Once again, the interaction terms (Income_BMI
, Income_HighBP
, and Income_HighChol
) showed a positive association with diabetes, which suggests that as both BMI and income increase, the likelihood of diabetes also rises. This might seem counterintuitive initially, but makes sense when you consider that higher-income individuals might have better access to healthcare, leading to more frequent diabetes diagnoses if they have high BMI, cholesterol, or blood pressure. Additionally, people with higher incomes might indulge more in eating out and consuming high-calorie foods, contributing to higher BMI, cholesterol, or blood pressure, and thus increasing their risk of diabetes.
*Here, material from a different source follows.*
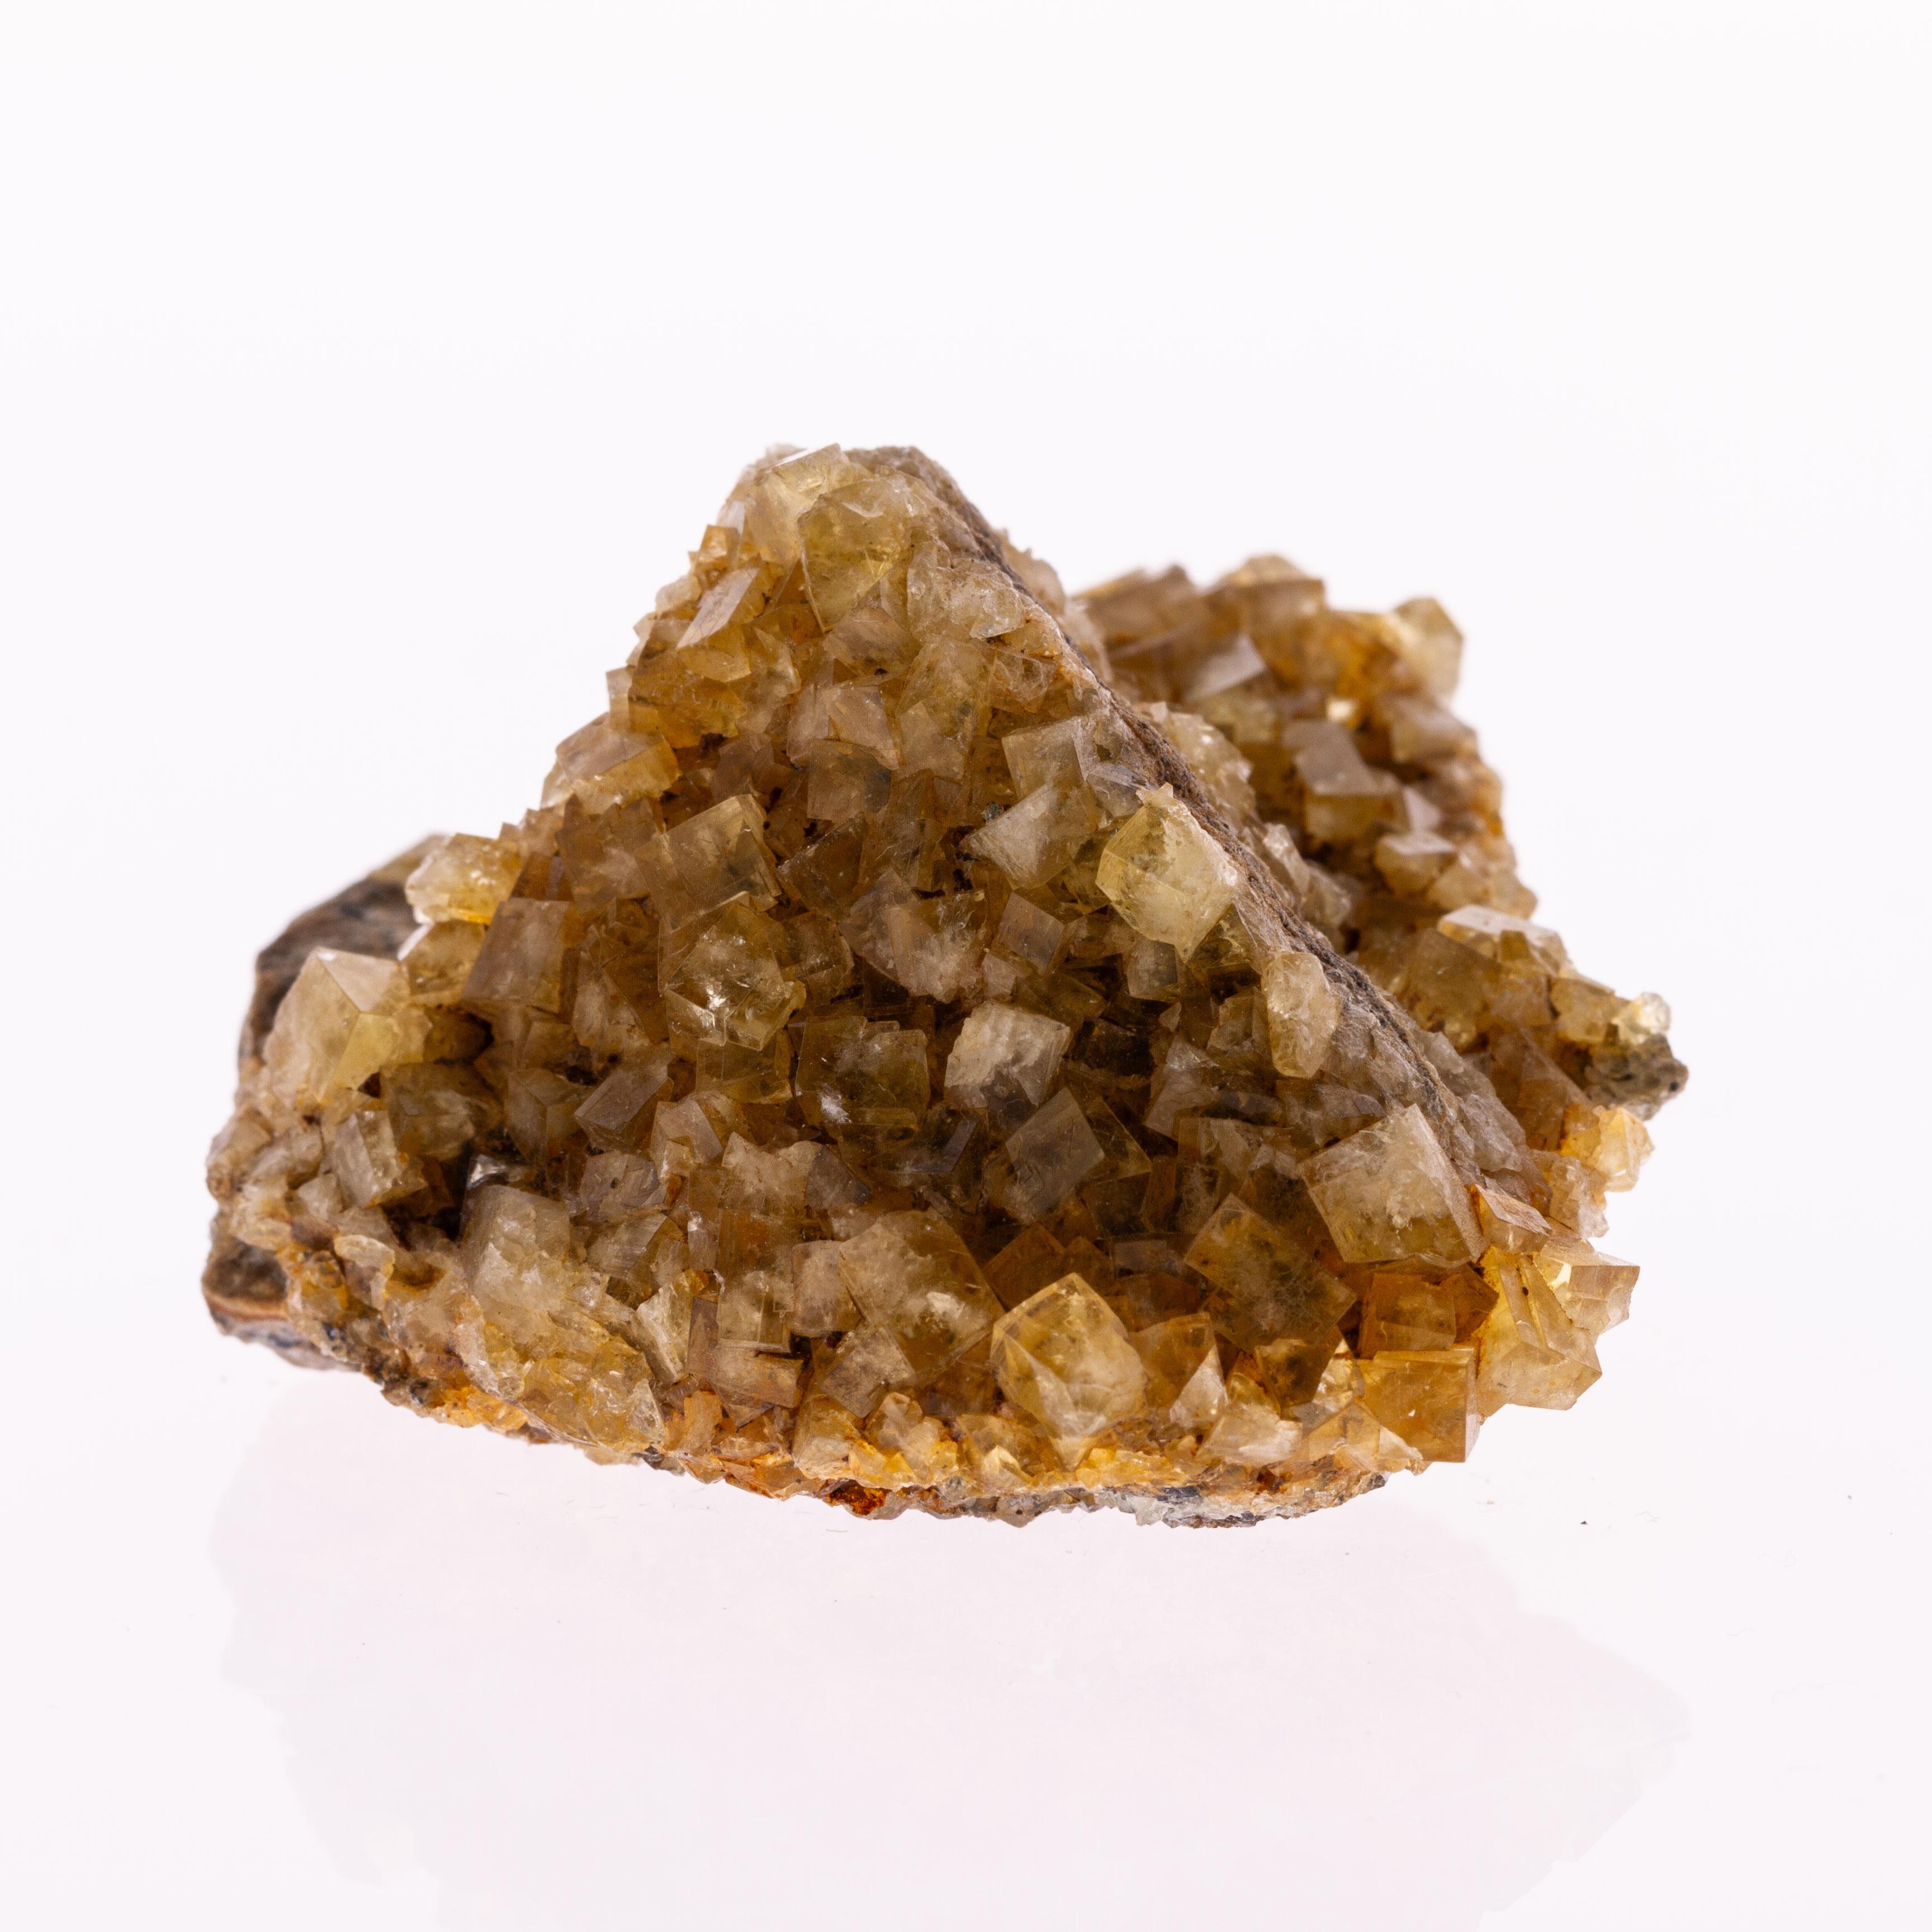 20th Century Natural History - Fluorite Gemstone Geode Specimen Crystals Cluster

Finally, when inspecting the final confusion matrix of our stacking model predictions, we are able to visualize our success, correctly predicting 8,405 diabetic cases and 7,572 non-diabetics. In terms of the cost of misclassifications, our model aims at minimizing the false negatives in which we predict someone to be clear of diabetes risk, when they will eventually develop it or have it already requiring treatment. In this case, our false negatives are 2,202 which is a large value but in context serves as our smallest cases of a prediction group (TP, FP, TN, FN) which is a good sign. We incorrectly predicted 3,029 people to have diabetes when they did not, however this likely means that these individuals share similar traits as diabetic’s, indicating that they should be monitored and practice the negatively associated factors above that can be controlled.